After my cousin died, he was transported to a funeral home. My aunt insisted on an open casket, which the funeral home refused. It somehow escalated to the point that my aunt hired another funeral home on the condition they have a viewing.
No one except my aunt knew any of this until after the wake. So people start showing up, view the body, and see that he doesn't have a neck and was decapitated. And it isn't like you can go around and say "fyi - the dead guy is all jacked up from jumping into a quarry and you really shouldn't look."
When I was about six or seven, I remember these two girls came to our house and proceeded to beat my mom up. My mom, being no more than 26 or so, was then shoved into the garbage can. She couldn’t get out, and I remember just crying and holding my little sister who is no more than one year old at the time. It didn’t really hit me until I was about 17. I never forgot what It looked like, my mom just crying and bleeding while trying to get out of the garbage can.
In the middle of the night the day after Christmas, when I was five, I woke up to screaming and loud noises from the living room.
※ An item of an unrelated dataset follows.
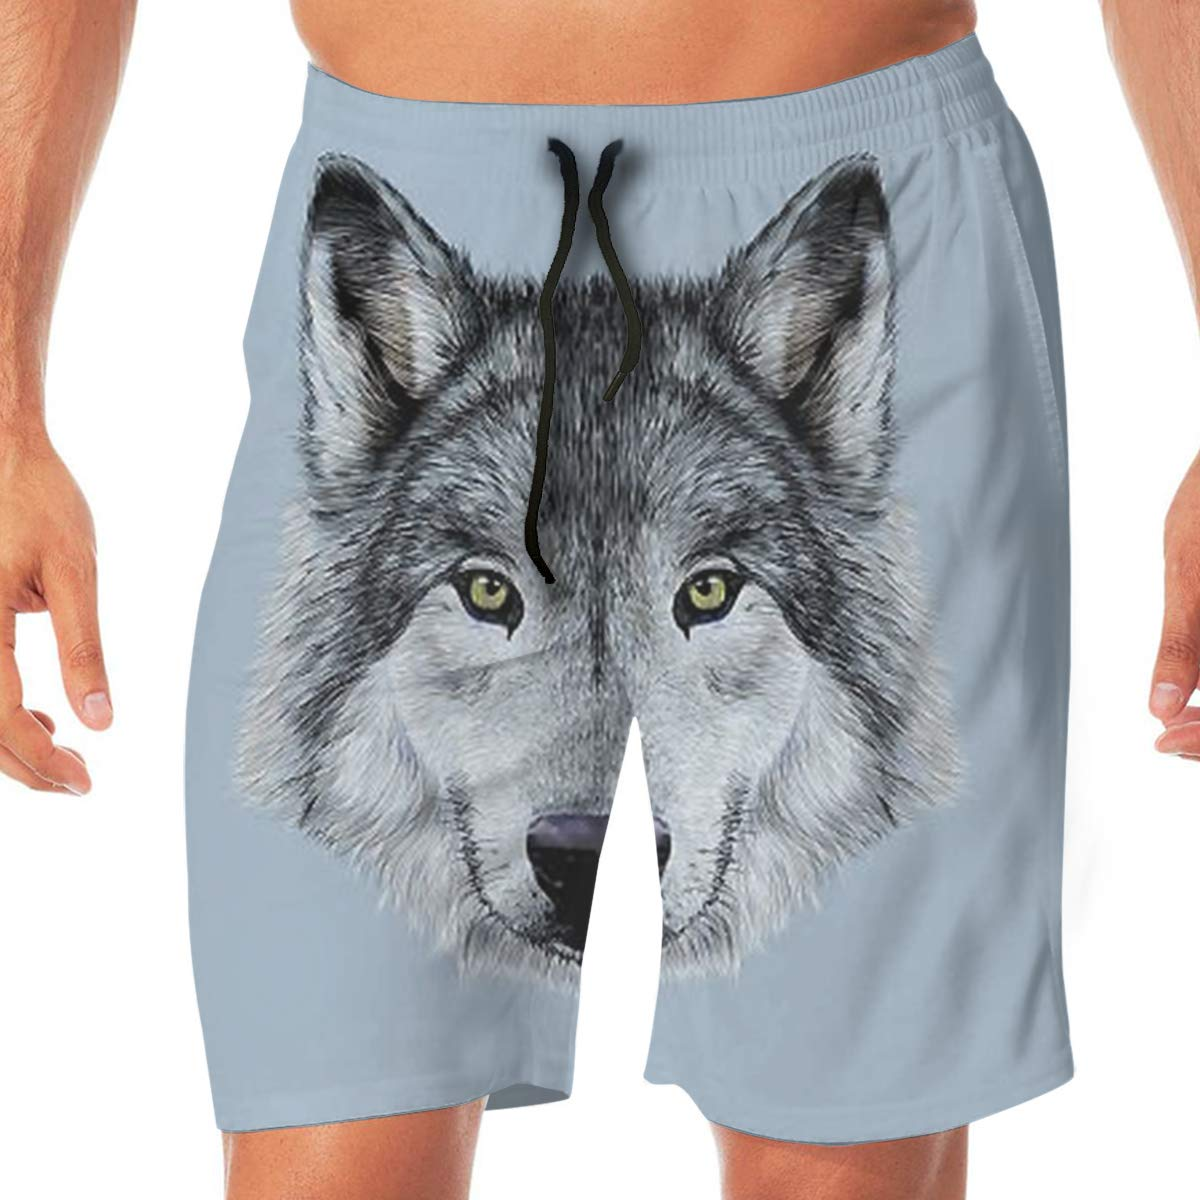 MaoYTUI Wolf Beautiful Animal Mens Swim Trunks Boys Quick Dry Bathing Suits Drawstring Waist Beach Broad Shorts Swim Suit Beachwear with Mesh Lining
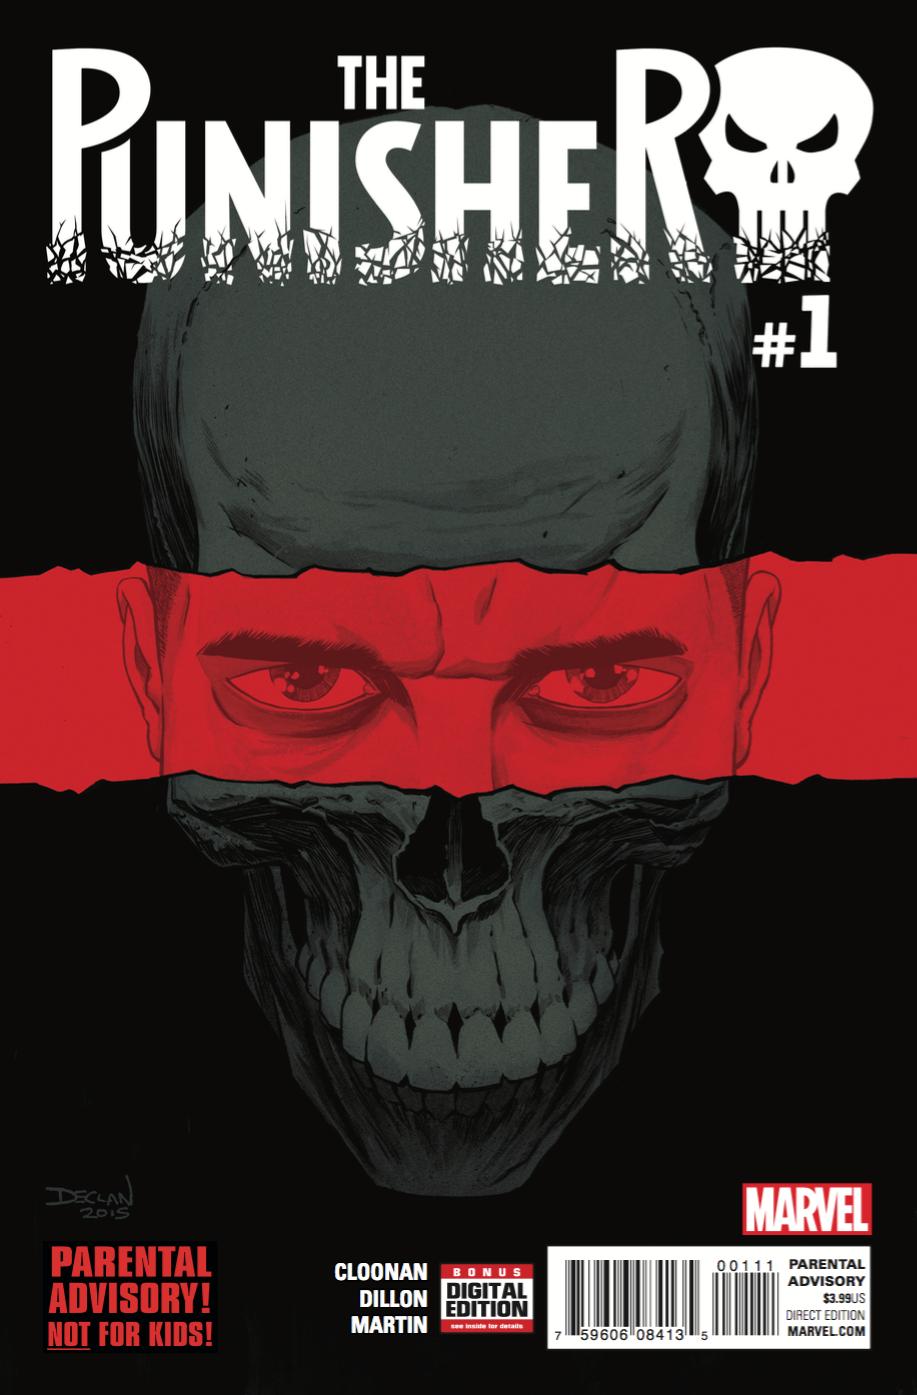 Marvel's New Punisher Comic Gives Frank Castle Big New Problems

I walked out of my bedroom and into the living room and saw the Christmas tree knocked over and my mom grabbing at her chest and breathing heavy.
My dad was screaming at her to “stay with" him. I didn’t understand because she was right there. My little sister wandered out of her room and started crying.
My dad told me to hold my mom's hand and he would be right back. I grabbed onto my mom with one hand and my little sister with the other while my dad ran to get the neighbor to stay with us so he could drive my mom to the ER because the ambulance was taking too long.
My mom had her first heart attack that night at the age of 30.
My mom would spend the entire day on the computer in AOL chat rooms talking to her “friend” while dad was at work. She was so glued to the computer that my siblings and I could walk in the room and yell things at her trying to get her attention and she wouldn’t even notice us. We took care of ourselves.
I was like 10 at the oldest and I was forced to bottle feed my baby brother during this time and take care of him because my mom just wouldn’t otherwise. What I really hate is that I’m pretty sure I told my dad that I was having to be his caretaker and he didn’t do anything to make the situation better for me. I don’t know if he knew she was having this emotional affair or not but how could he not have?
Anyway, one day my mom decided we were going to leave my dad while he was at work so she could run off and be with this friend. She took myself and my five younger siblings while my dad was at work and drove us on a cross country road trip from NV to OH to surprise her online lover (who was also married) and once we got to Ohio and she told him we were there, he freaked and ghosted her.
At the time, the situation was confusing for me because my siblings and I just wanted to go home. It clicked later that my mom has always been a very emotionally-unstable person and my siblings and I all have heavy trauma now as adults because of it.
When I was 8-9, my biology teacher picked two students (one male and one female) and told them to undress so that we could see an example of the human anatomy. I only realised it was fucked up when I verbalised it to my mom a decade later.